If a coordinator path was not able to resolve the intent, one of the following has happened - the coordinator is dead or txn state is not available in the cache. Calculate a commit partition and send the TxStateReq to its primary replica - this initiates the commit partition path.
Retry commit partition path until a success or timeout.

On receiving TxStateReq on the coordinator:

...

Optimizations

Protocol messages to the same node should be coalesced for better throughput.
If the write-only transaction writeset is known in advance and all keys are mapped to a single partition, such a transaction can be committed in 1CT. This is known as one phase commit optimization.
A local cache can be used to hold values read by a transaction, to avoid RTT on reading the same key.
Txn latency can be reduced by performing write operations at the end of a transaction, preferably in batches.

Backup replica reads

RW transactions can read from backup replicas, assuming a proper read lock is acquired on a primary replica and an entry is replicated. A lock response will install locally the proper HLC for waiting. See replica reads section on how to ensure that.
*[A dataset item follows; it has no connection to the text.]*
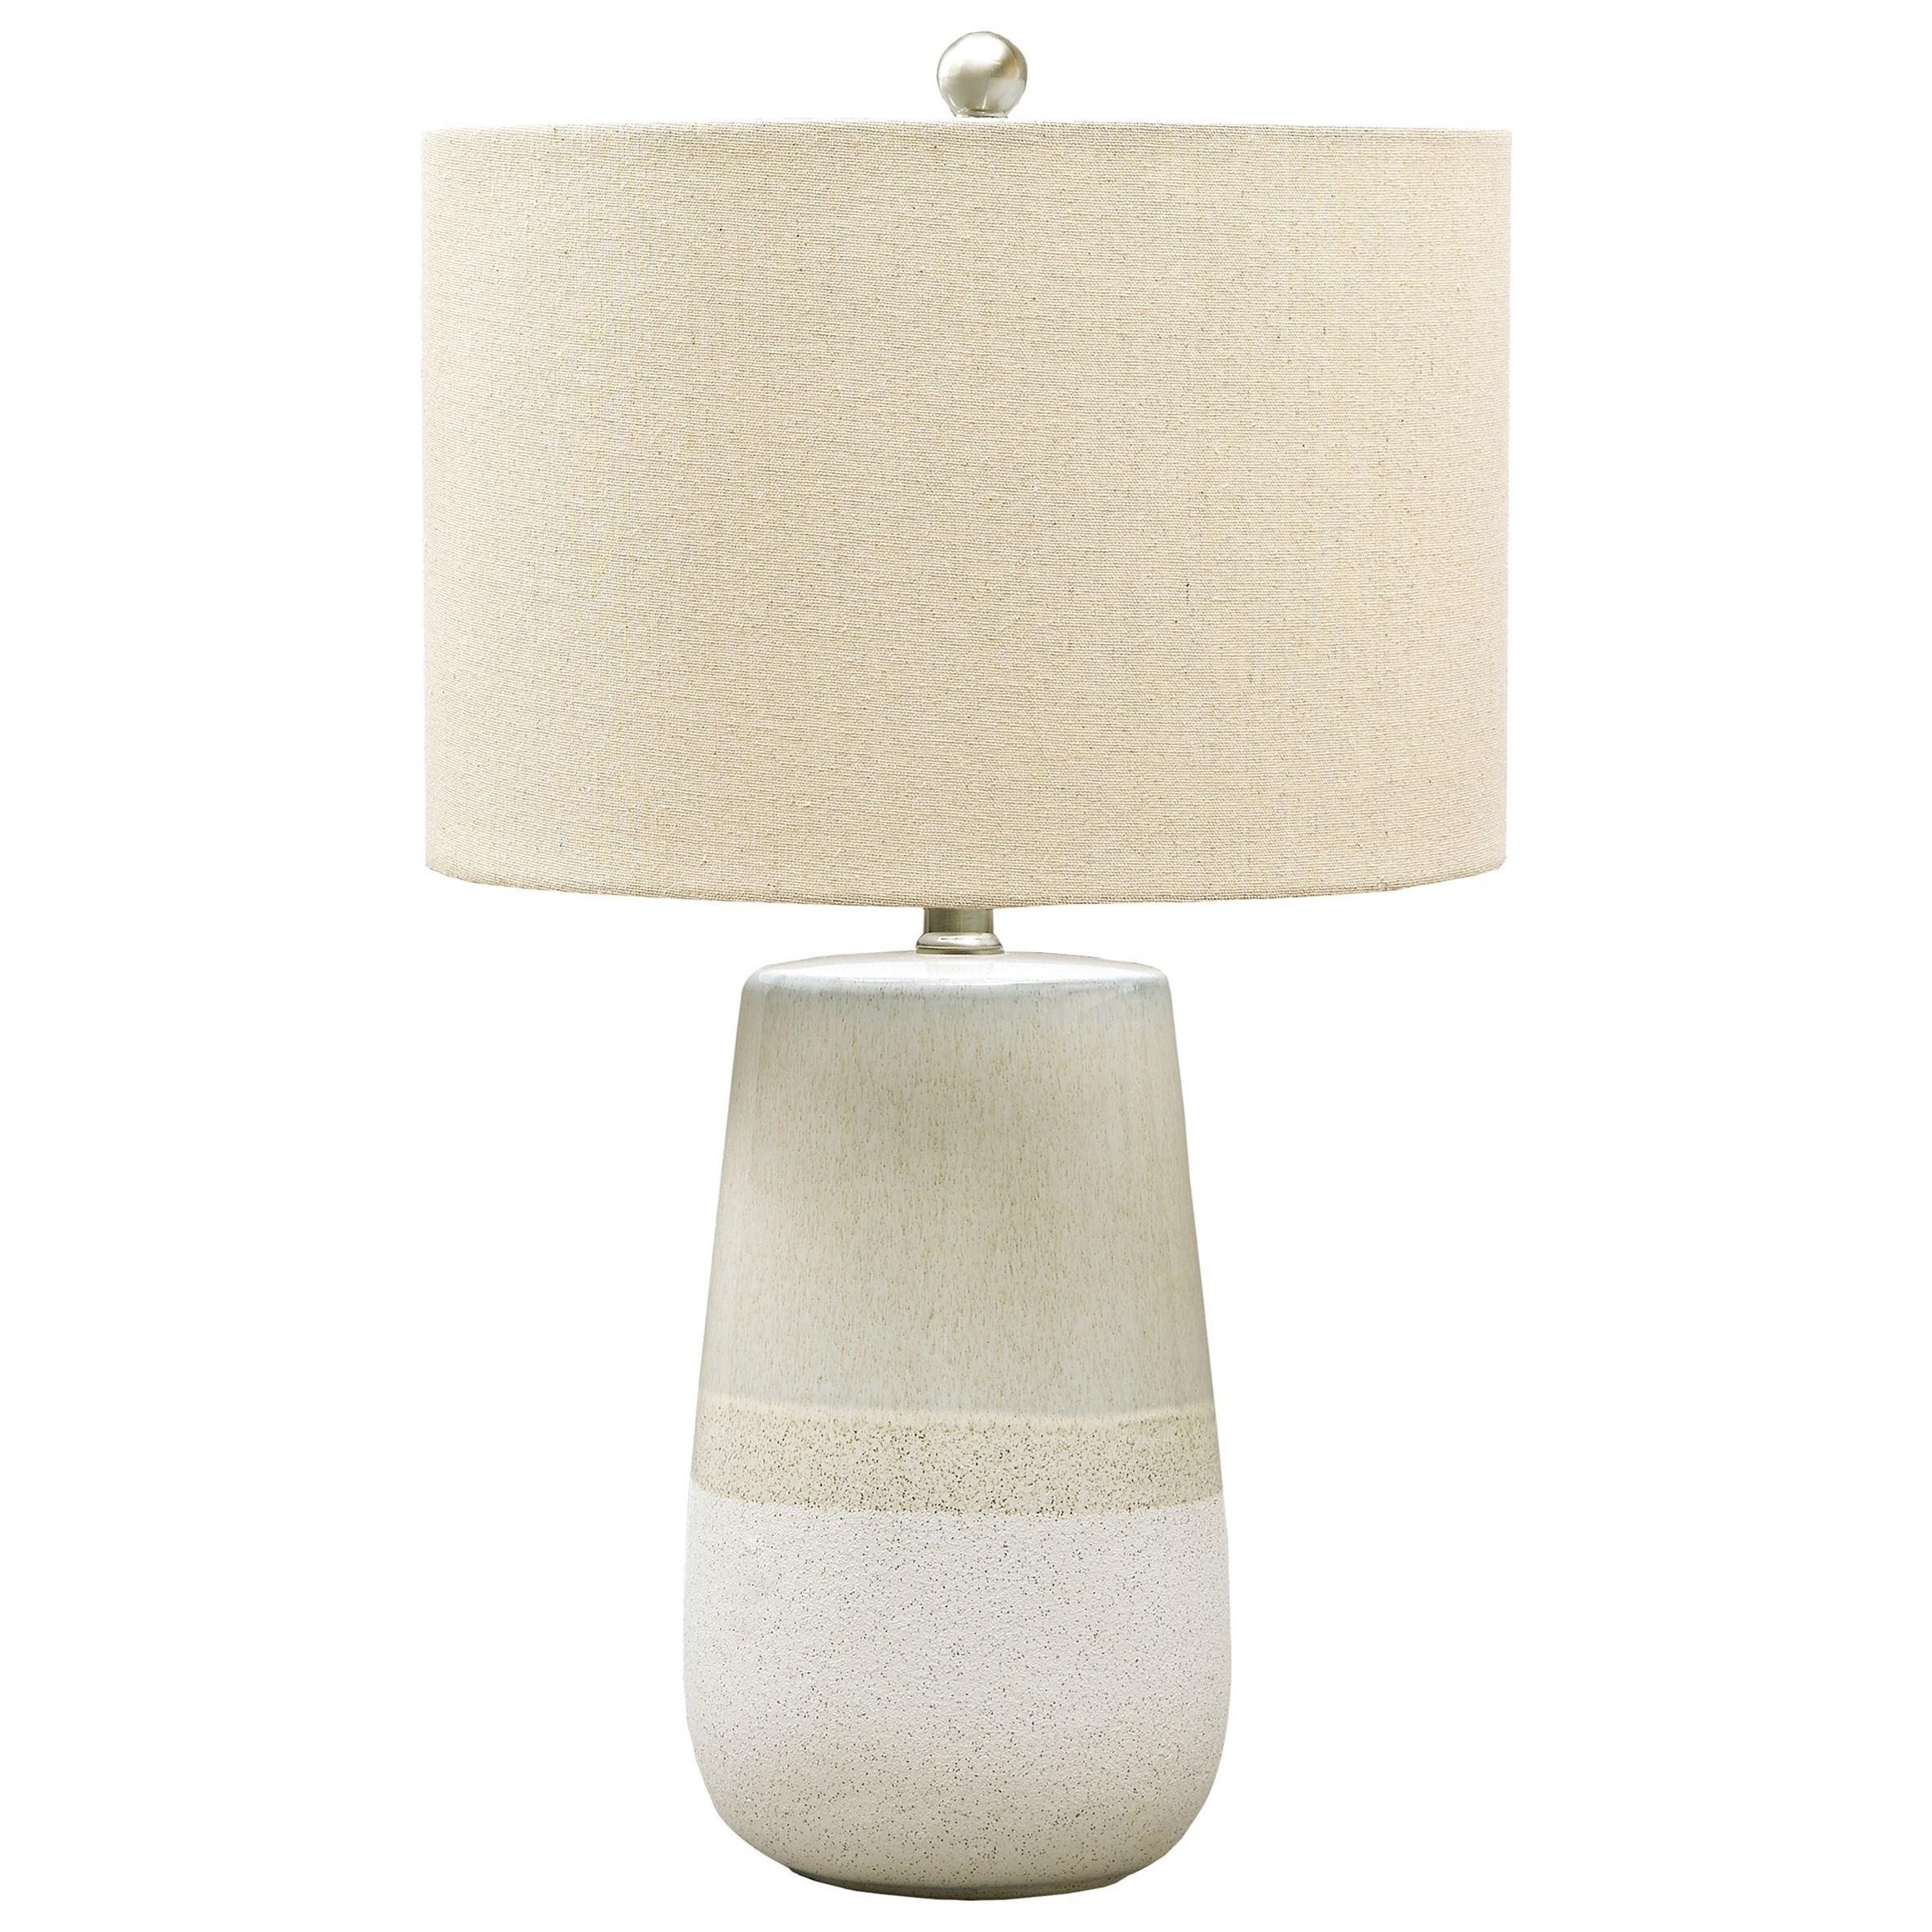 Shavon Beige/White Ceramic Table Lamp

Beware: this might incur blocking if a local replica is lagging.

When to use RW transactions

Here are scenarios in which you should use a locking read-write transaction:

If you do a write that depends on the result of one or more reads, you should do that write and the read(s) in the same read-write transaction.
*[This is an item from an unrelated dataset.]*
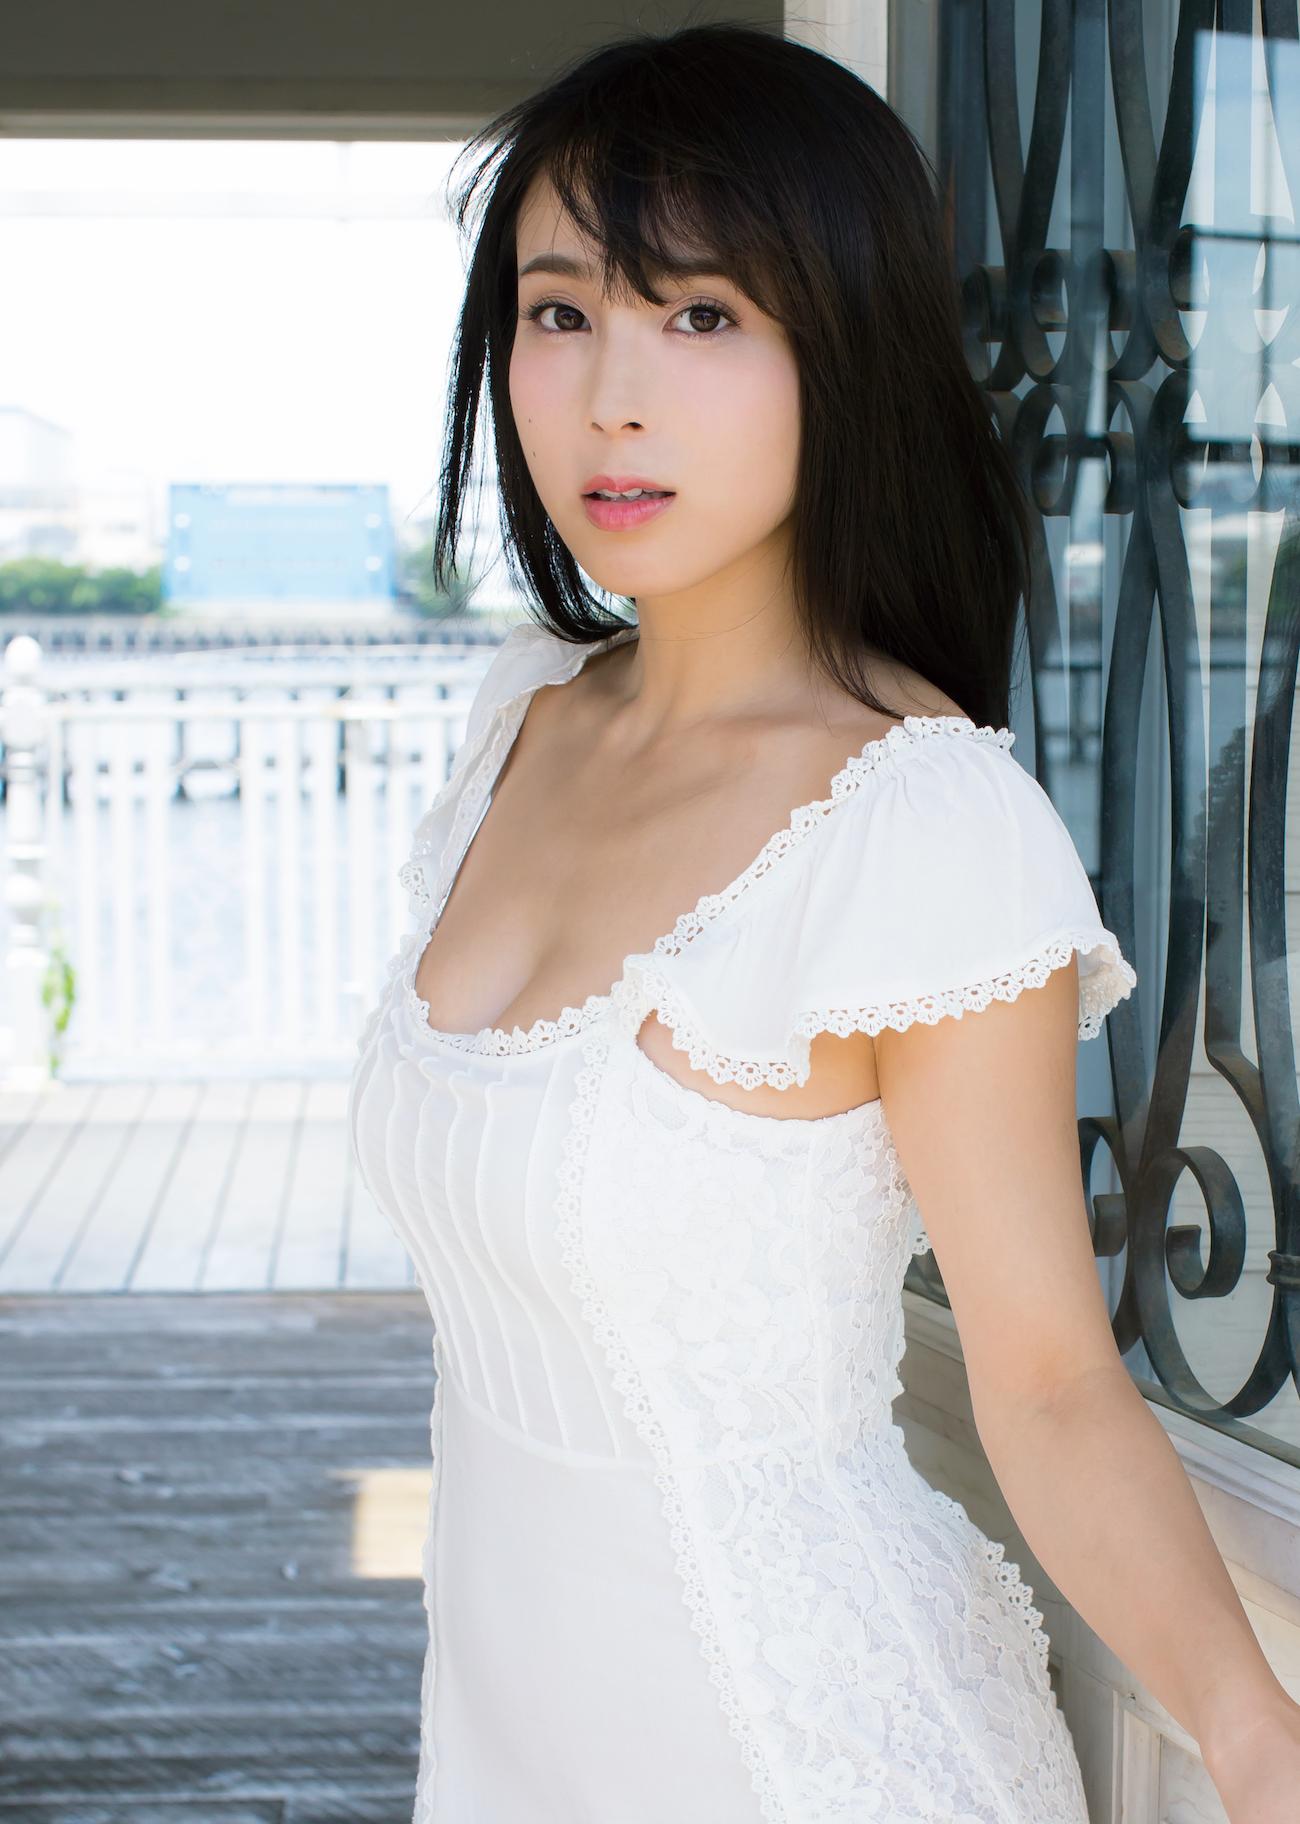 犬童美乃梨 (いぬどう みのり/R・I・P GIRLS)グラビアアイドル

Example: double the balance of bank account A. The read of A's balance should be in the same transaction as the write to replace the balance with the doubled value.

If you do one or more writes that need to be committed atomically, you should do those writes in the same read-write transaction.

Example: transfer $200 from account A to account B. Both of the writes (one to decrease A by $200 and one to increase B by $200) and the reads of initial account balances should be in the same transaction.

If you might do one or more writes, depending on the results of one or more reads, you should do those writes and reads in the same read-write transaction, even if the write(s) don't end up executing.

Example: transfer $200 from bank account A to bank account B if A's current balance is greater than $500. Your transaction should contain a read of A's balance and a conditional statement that contains the writes.

RO transactions

The algorithm

An RO transaction is associated with a read timestamp at the beginning. It scans indexes to get access to table data via indexed rowIds. Because it passes normal locking, rowIds must be somehow filtered according to their visibility. This filtering process is known as a write intent resolution and is crucial for RO transactions processing. Write intent resolution is required then a version chain corresponding to rowId has an uncommitted version.

We expect RO txn serializability. The reading txn can “see” the write intent only if it's committed and the commit timestamp <= read timestamp. A repeating RO txn at the timestamp T must always return the same result set.

In a nutshell, the write intent resolution process ensures the aforementioned invariant. The read-only transaction performs a resolve(RowId rowId, Timestamp readTs) operation for each accessed rowId, which includes the following steps:

If there is no unresolved write intent, the reading txn must find the corresponding committed version in the version chain by passing the read timestamp.

If there is unresolved write intent (uncommitted version in the chain head), it initiates the intent resolution

Checks a local txn state map for committed or aborted state - allow read if the state is committed and commitTs <= readTs.
If not possible, send a TxStateReq to the txn coordinator - this initiates the coordinator path. Coordinator address is fetched from the txn state map.
If a coordinator path was not able to resolve the intent, one of the following has happened - the coordinator is dead or txn state is not available in the cache. Calculate a commit partition and send the TxStateReq to its primary replica - this initiates the commit partition path.
Retry commit partition path until a success or timeout.

On receiving TxStateReq on the coordinator:

If the local txn is finished, return the response with the outcome: commit or abort. The txn state is stored in a local cache, mentioned in the RW section.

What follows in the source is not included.